I don’t think many things could be more sickening to read about than the attack on two gay women on the top deck of a London bus.  Melania Geymonat and her partner Chris were heading to Camden when they were suddenly rounded upon by a group of young men who, having realised that the pair were a couple, proceeded to make sexualised comments and insisted that the two kiss.  Melania and Chris tried their best to ignore the men, but were then robbed and physically assaulted.  

Reading news like this is immensely saddening.  It is the sort of thing that makes you despair for society at large, not just because of the terrible violence it evidences, but because of the questions it raises about London; a city that most of us like to think is heavily cosmopolitan and liberal-minded.

Because this attack is not something that has happened in a space that is disconnected from the liberal values that seemingly prevail in the UK today.  In fact, what this attack demonstrates is that the predominance of liberal values is illusory.

I often discuss the importance of not being complacent about progress.  The UK is broadly characterised by the liberal values which form the basis of its laws.  Yet when we pigeonhole it into this ‘liberal’ category, we ignore the very real elements of violence, hatred and intolerance that simmer throughout its societal fabric.

While senior political figures were quick to condemn the attack on Melania and Chris, we must remember that it was not until 2008 that it became a crime to promote homophobic hatred.  It was not until 2003 that a ban on ‘promoting homosexuality’ in schools was reversed.  

So although gay teachers no longer have to be silent about their sexuality, and although we do not currently live in a society where there is legal tolerance for homophobia, these were the nevertheless the conditions that many adults today grew up with.

Even though I was just five when the ban on ‘promoting homosexuality’ in schools was overturned, not once throughout my education did I encounter a teacher who was openly gay within the school setting.  And the sad thing was that I knew that some of my teachers were openly gay outside of school.  But where other teachers would discuss their personal lives, they would stay silent and awkwardly deflect even the most harmless questions about what they did at the weekend.

Just like many of the pupils in my school, gay teachers did not feel comfortable being open about who they were.  And in an environment where even authority figures felt uncomfortable about being openly gay, what hope was there for younger and more impressionable pupils?  Being gay was not normalised throughout my schooling.  

If this was the case in my school, how many other schools experienced the same environment?  How many young adults and teenagers, who have supposedly grown up in more tolerant times, have seen the consistent marginalisation of homosexuality throughout their formative years?

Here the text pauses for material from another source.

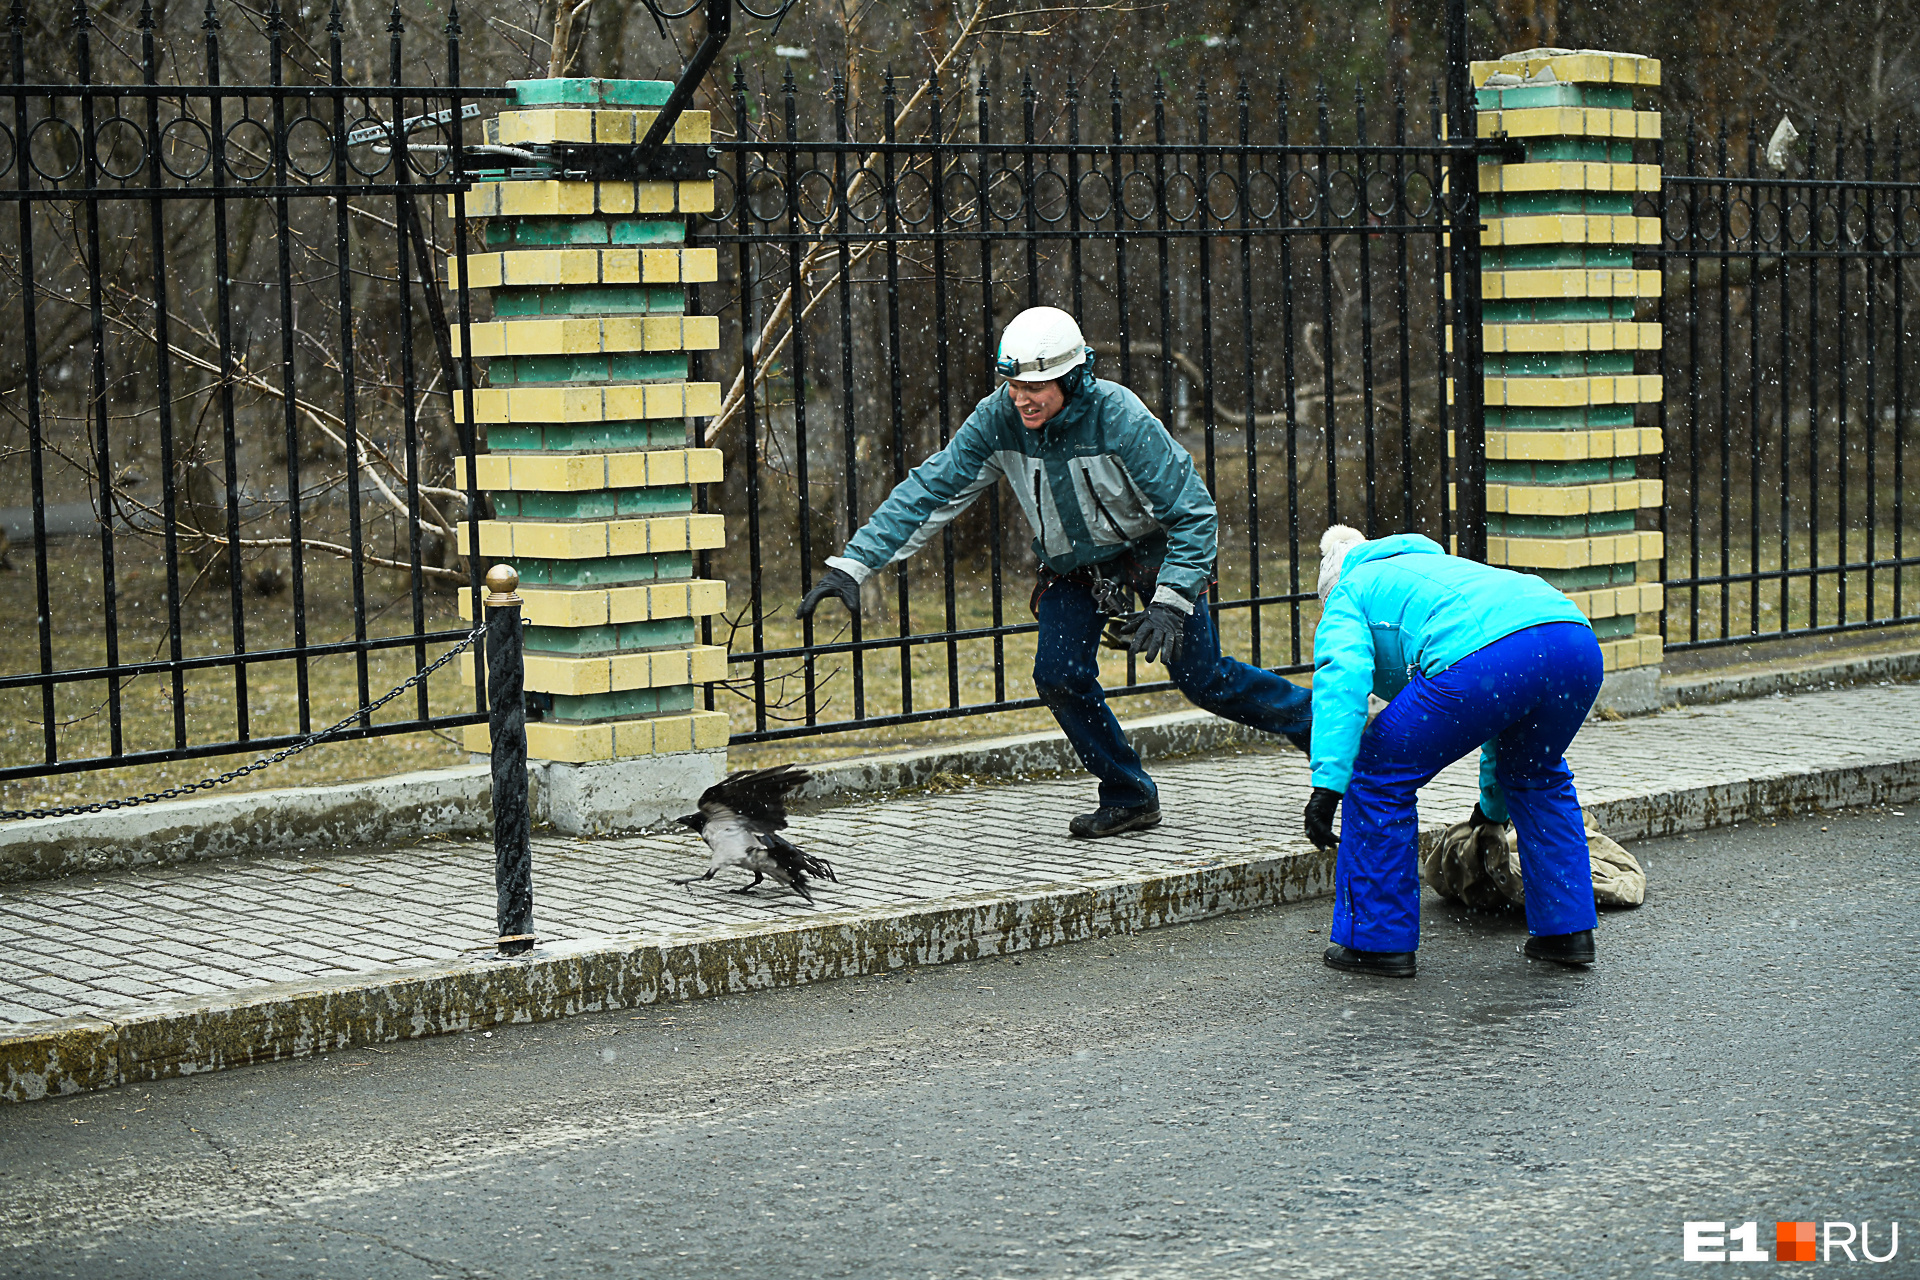 Птицы застряли в заборе. Перелазит забор. Спасение вороны Екатеринбург. Лиса лезет через забор. Видео ограждений

The people that attacked Melania and Chris were young adults.  When they came up to the pair and asked them to kiss, they did so not from repugnance at and ignorance of gay people, but because they have grown up in an environment where homosexuality is ostensibly accepted, but has nevertheless often been Othered.  It was clear that these young men had fetishised gay women, and were treating them as curios by whom they were entitled to be entertained.

This marginalisation of homosexuality as something “not quite normal” is continuing to happen in our society today. The protests at primary schools in Birmingham against teaching children about gay relationships rage on, and are even supported by supposedly mainstream political figures such as Labour MP Roger Godsiff.  Many of the protesting parents claim that they feel their primary-age children are too young to learn about homosexuality.  And yet by protesting so vociferously, these parents are making it impossible for their children to remain unaware of homosexuality.  In fact, the scale, disruptiveness and bitterness of the protests is perhaps ensuring that these schoolchildren grow up with only negative views of the LGBT+ community.

Because anyone who believes that a four year old should be ‘sheltered’ from the fact that some children have two mummies or two daddies simply wants to ensure that however much being gay is seemingly accepted by society, it is always seen as less normal and palatable than being straight.

And that attitude is exactly what underpins the terrible attack we saw last week.  The marginalisation of gay communities in society is what many young adults have grown up with, even if we’d like to pretend that this was not the case.  And this still happening.  We cannot have people pretending that homosexuality is something to be tiptoed around and hidden, because these are the attitudes that go hand in hand with violence and hatred towards LGBT+ people.  

Tackling politicians like Esther McVey and Roger Godsiff, who believe that the marginalisation of gay relationships is acceptable, is absolutely vital.  When they say that parents should be allowed to ‘shelter’ their children from knowledge of gay relationships, they are espousing homophobia.  Though they have not directly attacked gay people, they have acknowledged a readiness to see gay people’s existence marginalised.  Make no mistake, they are contributing to an intolerant and dangerous society.  Because unless homosexuality is truly accepted across all society, we cannot guarantee the safety of gay people.  And I’m not sure I want to live in a society that cannot do that.